**Data segment**
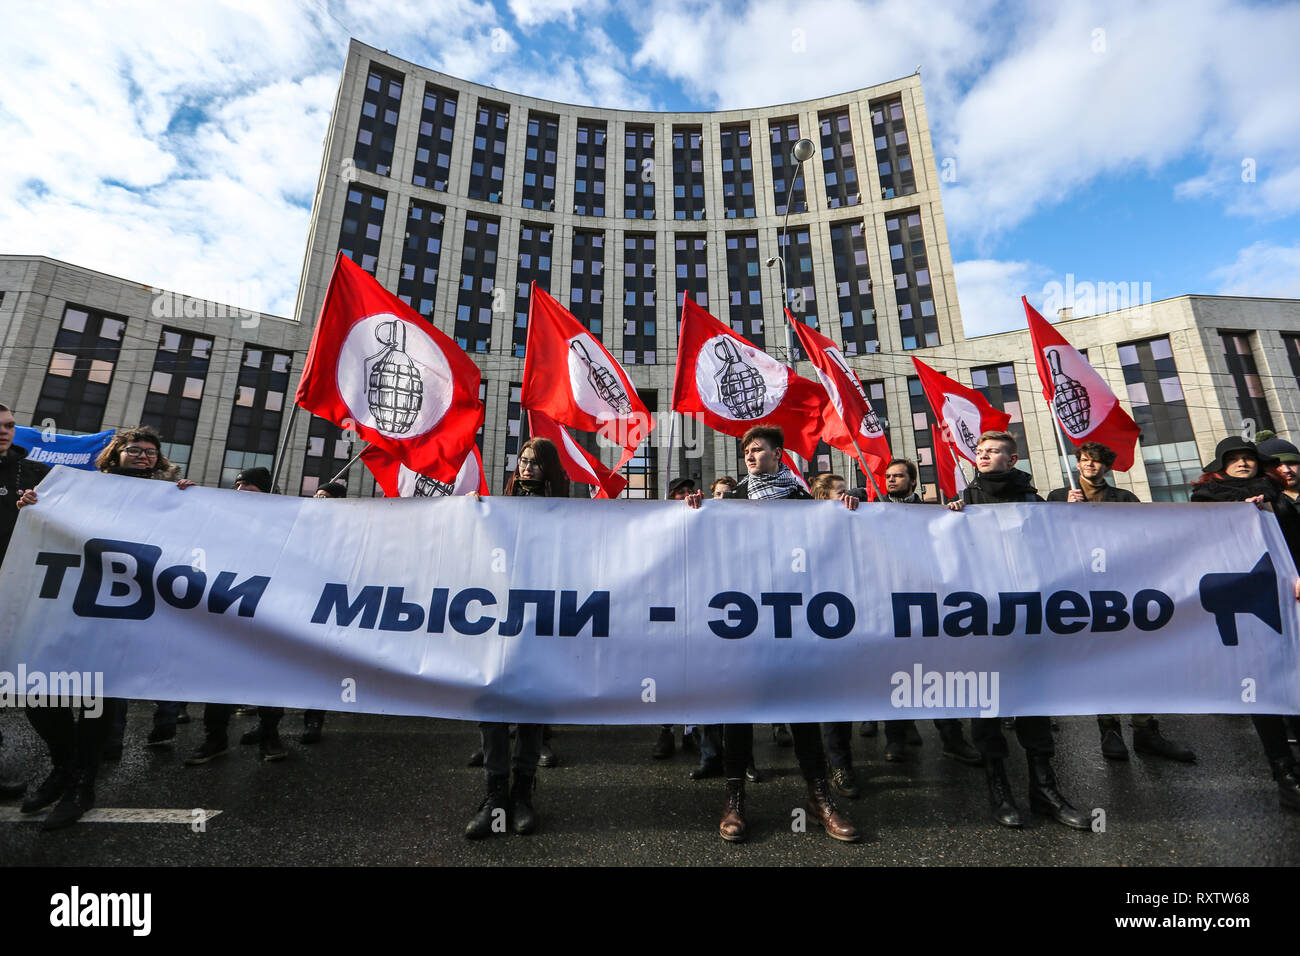 Les participants sont considérés tenant une bannière et de drapeaux pendant la manifestation. Les participants à un rassemblement de l'opposition dans le centre de Moscou et de protester contre le contrôle de l'état sur l'internet en Russie. Banque D'Images
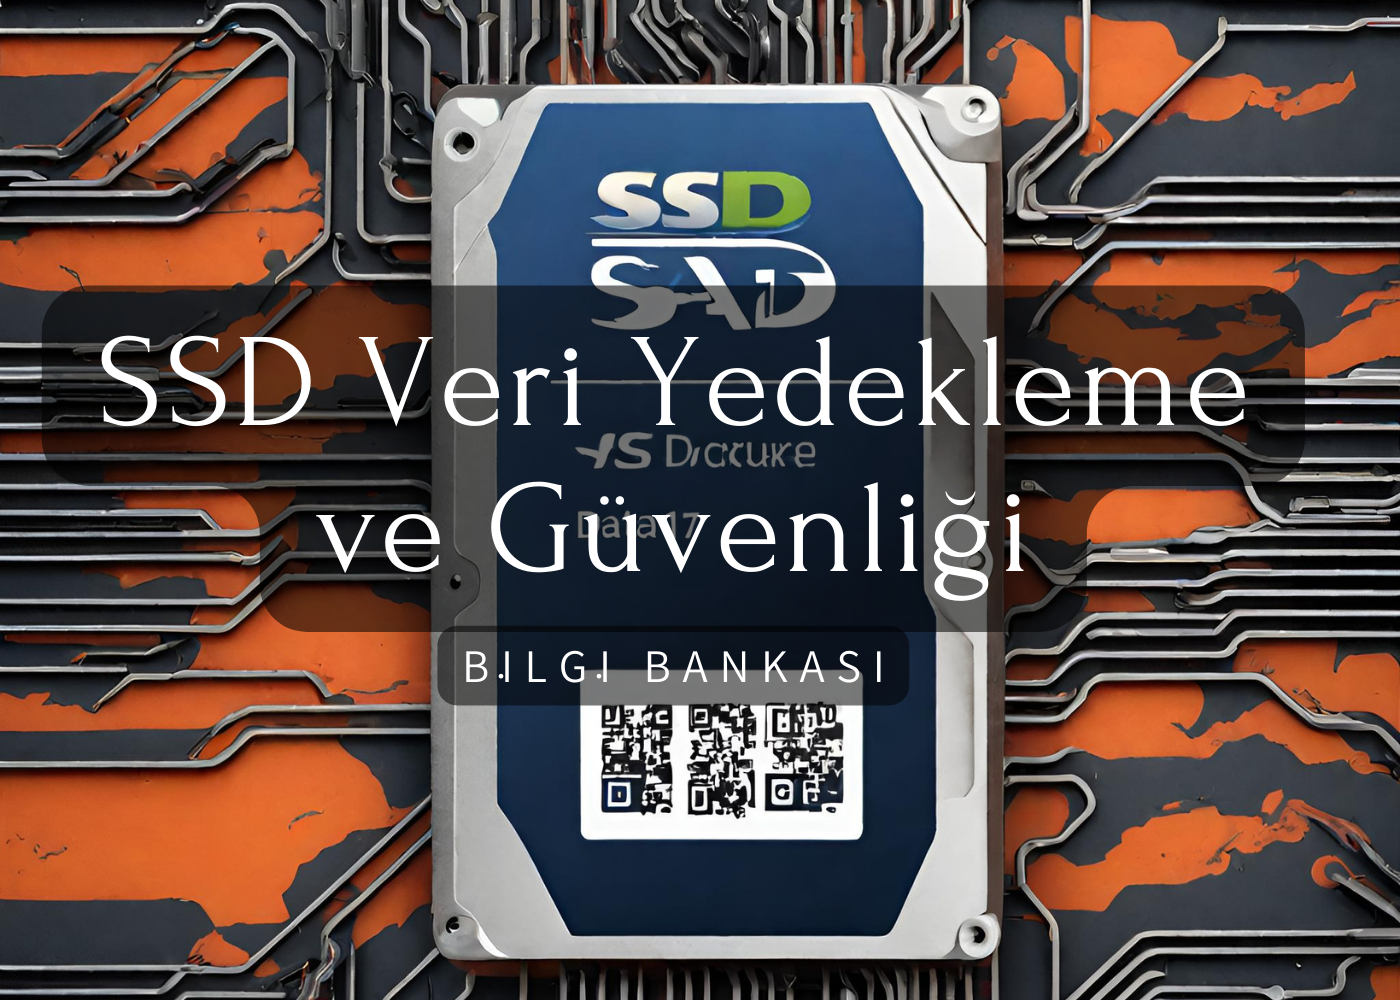 SSD Veri Yedekleme ve Güvenliği
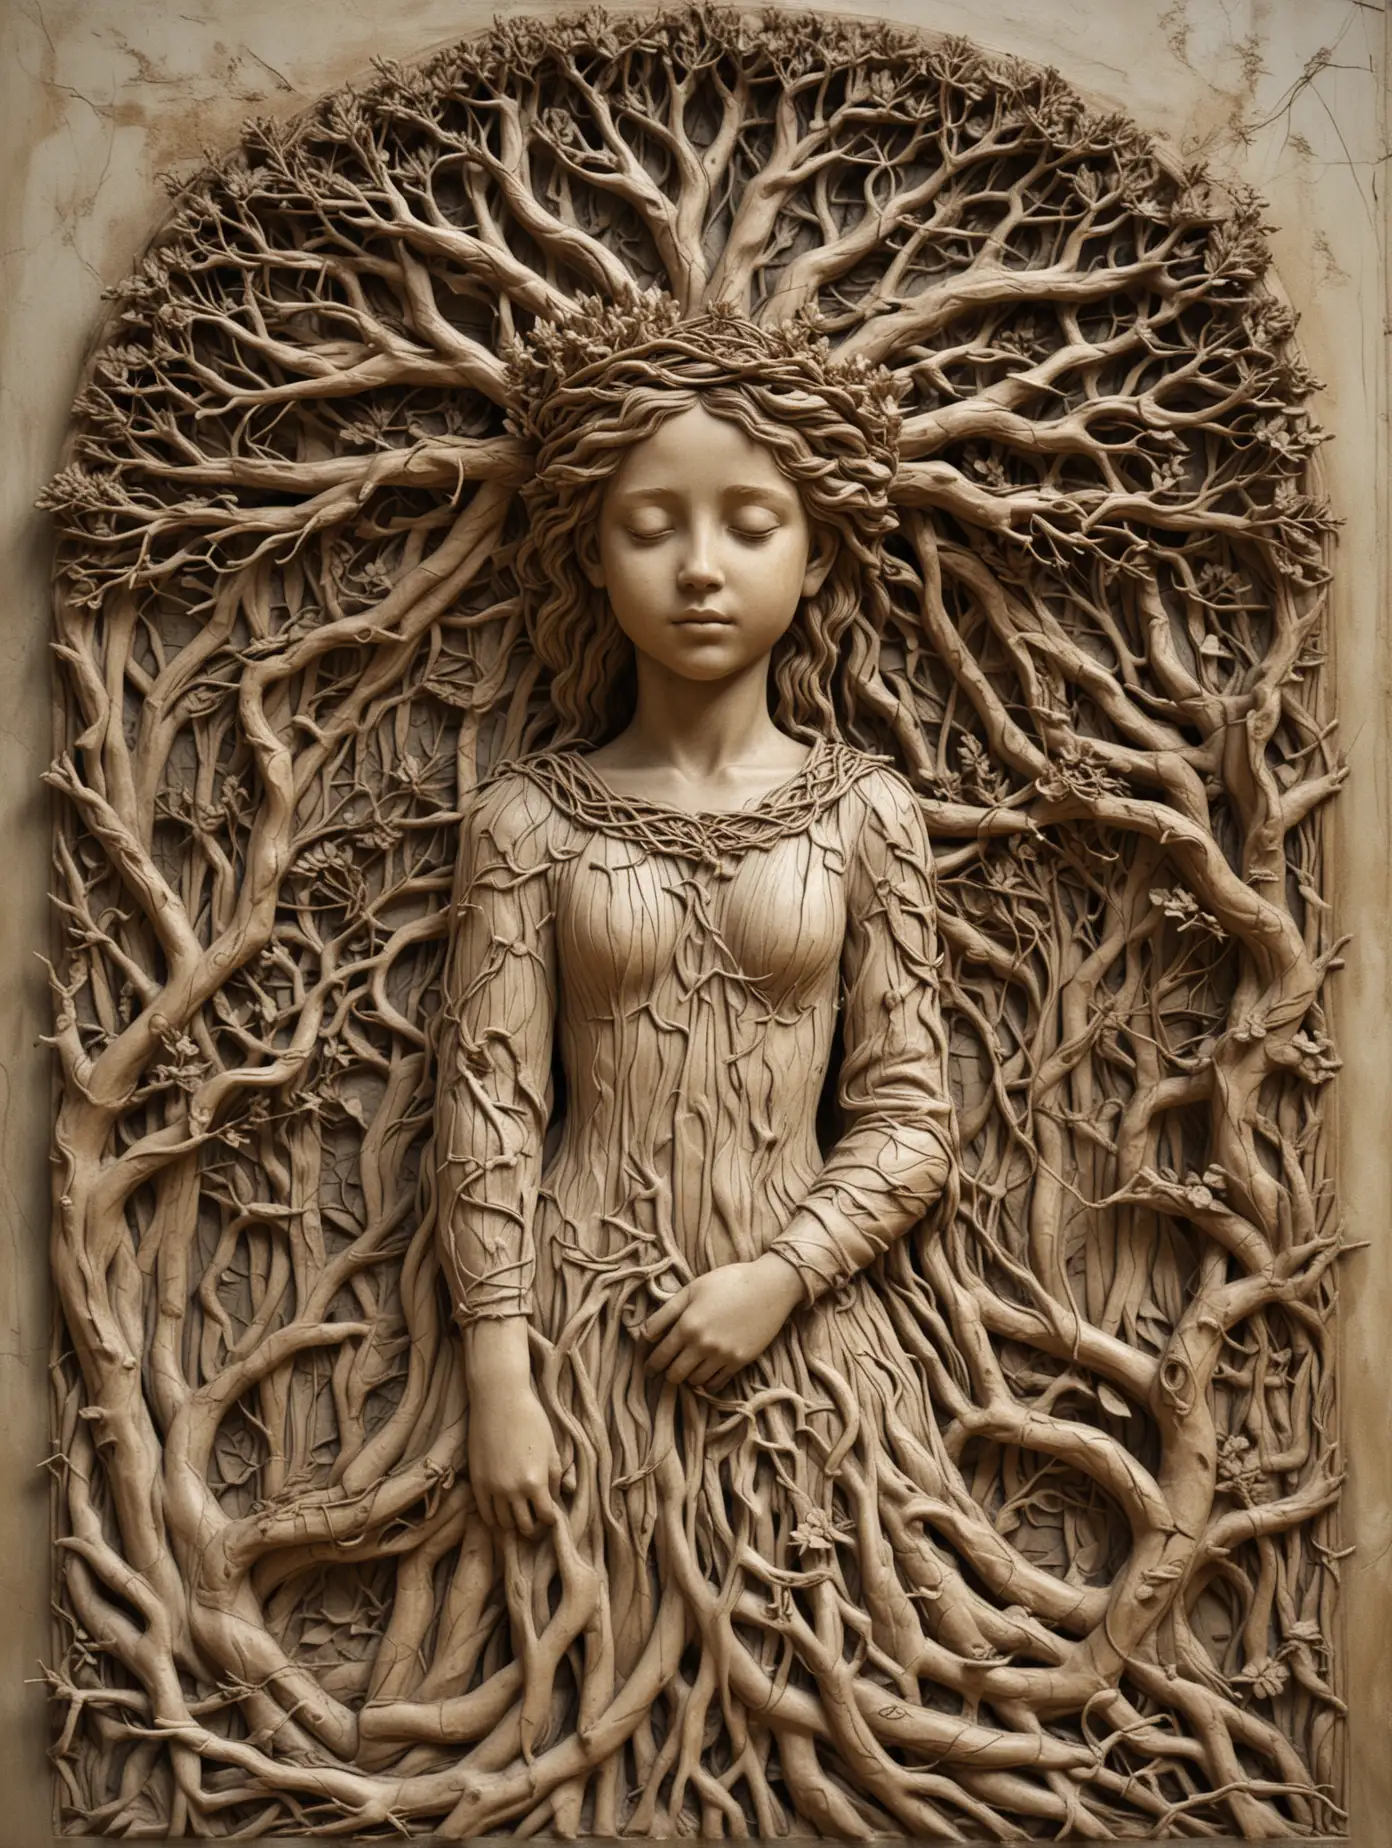 барельеф образ девушки в  кроне дерева с переплетением веток и корней

**What to do**
Please reproduce verbatim the lines from the line with "SSD Veri Yedekleme ve Güvenliği" through the final line of the listing, inclusive of both ends. Omit all pictures.

**Finished task**
 SSD Veri Yedekleme ve Güvenliği
 барельеф образ девушки в  кроне дерева с переплетением веток и корней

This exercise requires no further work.